Copertina 5,5

Info

Genere:Black Metal
Anno di uscita:2025
Durata:42 min.
Etichetta:Nordvis Produktion

Tracklist

  1. WAYWARD SOULS
  2. TWILIGHT GLOW
  3. AWAKEN THE SLEEPING FOREST
  4. IN SHADOWS
  5. THE NORTHWIND
  6. THE EVERWINTER GREY
  7. THE SPELL OF THE CHANGE OF SEASONS
  8. HARVEST

Line up

  • The Peasant: drums
  • The Bard: vocals, guitars

Voto medio utenti

Sette anni di silenzio dall'ultima fatica discografica ("Elegy" del 2018) hanno portato diverse novità nella carriera dei canadesi Finnr's Cane.
Ma prima un breve ripasso:
nata nel 2008 ad opera di The Bard e The Peasant a Sudbury, Ontario, la band affonda le proprie radici nel black atmosferico personalizzandolo in maniera peculiare.
Il basso è totalmente assente nelle composizioni sostituito dalle pulsazioni del violoncello e delle tastiere affidate a The Slave; le canzoni vengono scritte attraverso un processo di improvvisazione guidato dall'umore e dall'istinto e successivamente riviste e registrate nuovamente; la band esiste infine solamente come progetto in studio, non avendo mai tenuto un concerto dal vivo.
E veniamo alle novità che "Finnr's Cane" - il quarto lavoro sulla lunga distanza porta con sè.
Dopo tre dischi con la tedesca Prophecy Productions la band è passata alla svedese Nordvis Produktion ed inoltre The Slave non compare più nella formazione, ridotta quindi ad un duo.
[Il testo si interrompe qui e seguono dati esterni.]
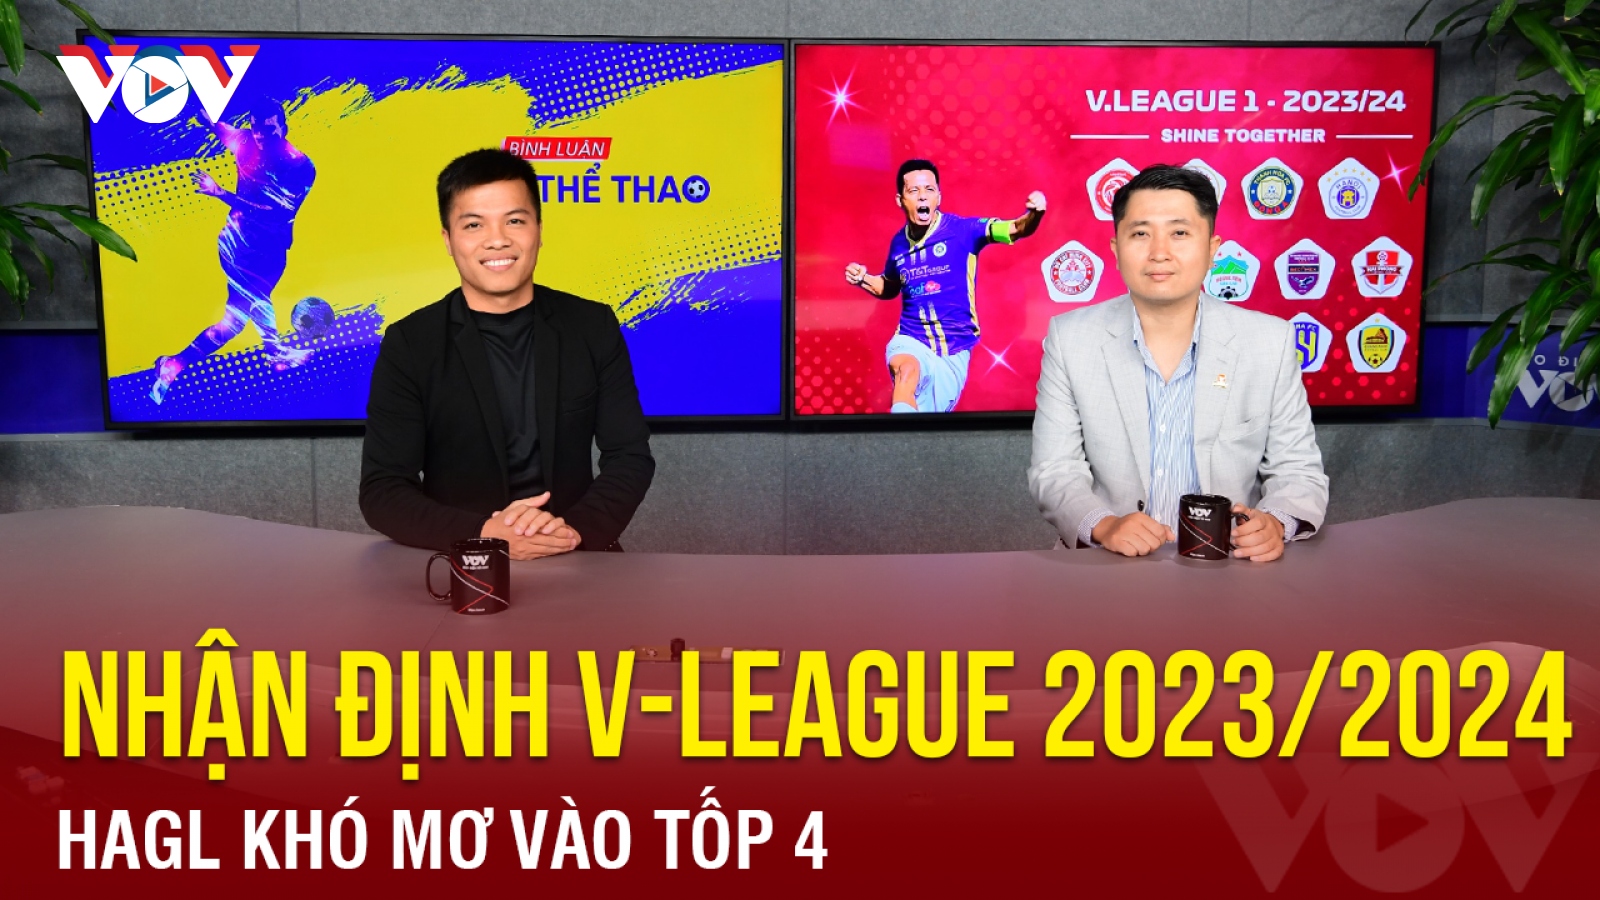 Nhận định V-League 2023/2024: HAGL khó mơ vào tốp 4

In termini di sonorità "Finnr's Cane" volge quasi totalmente le spalle al blackened doom metal per abbracciare atmosfere cupe più vicine al post black di band quali Alda o With the End in Mind per restare nel nuovo continente.
Purtroppo queste atmosfere risultano piatte e monotone, nonostante le belle intenzioni, trascinate al ribasso dalla scelta delle intonazioni vocali più simili a cantilene cadenzate che a urla disperate come il genere vorrebbe; la mancanza di carica emotiva e di dinamismo è accentuata dall'assenza in gran parte dei brani del violoncello che contribuiva in maniera discreta ma fondamentale alla riuscita dei dischi precedenti.
Vi sono episodi interessanti quali l'inquietante "In Shadows" o le conclusive "The Spell of the Change of Seasons" e "Harvest" ma sono barlumi di luce in un quadro purtroppo spento; anche il songwriting sembra frettoloso e poco ispirato come se The Slave avesse portato con sè la scintilla che dava colore al tutto.
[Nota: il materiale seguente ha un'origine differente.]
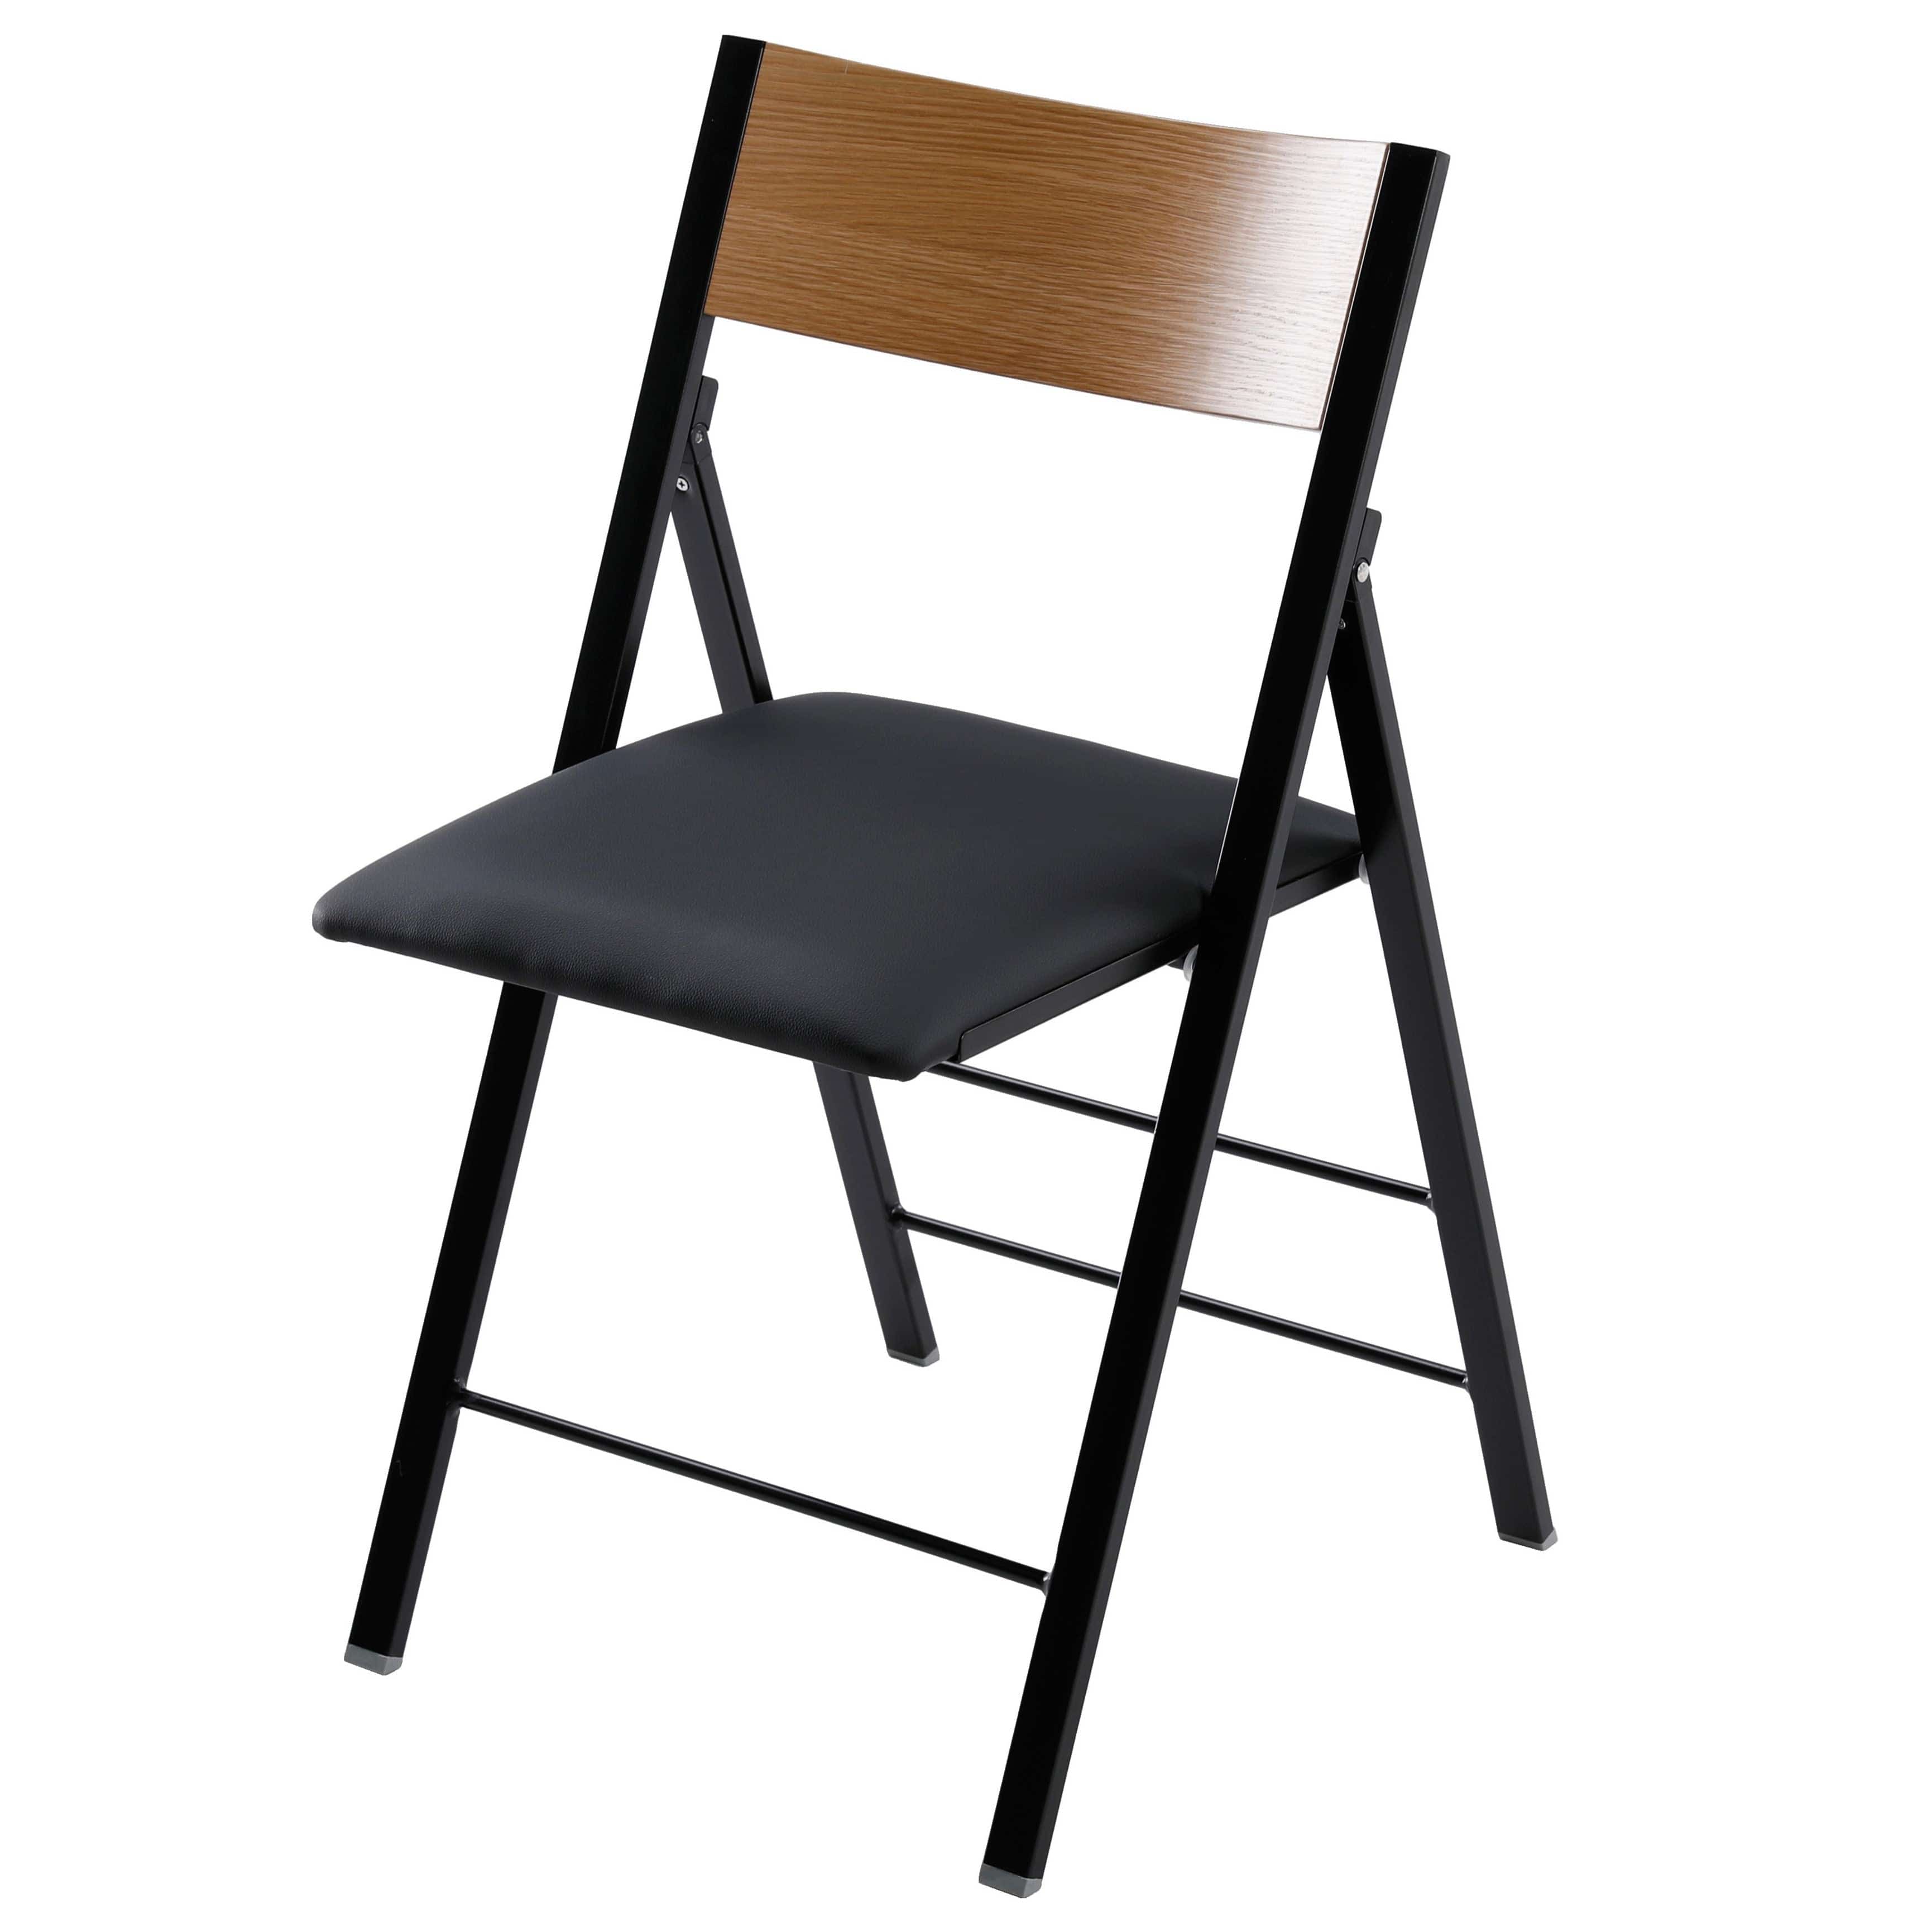 כסא מתקפל דגם שיקאגו מרופד בצבע שחור ועץ טיק

Probabilmente ascoltato con la giusta disposizione d'animo "Finnr's Cane" potrebbe accendere qualche fan di queste sonorità ma - pur riconoscendo la validità di diversi elementi - non riesco a promuoverlo o consigliarlo senza palesare fortissime perplessità.

Finnr's Cane - "The Spell of the Change of Seasons"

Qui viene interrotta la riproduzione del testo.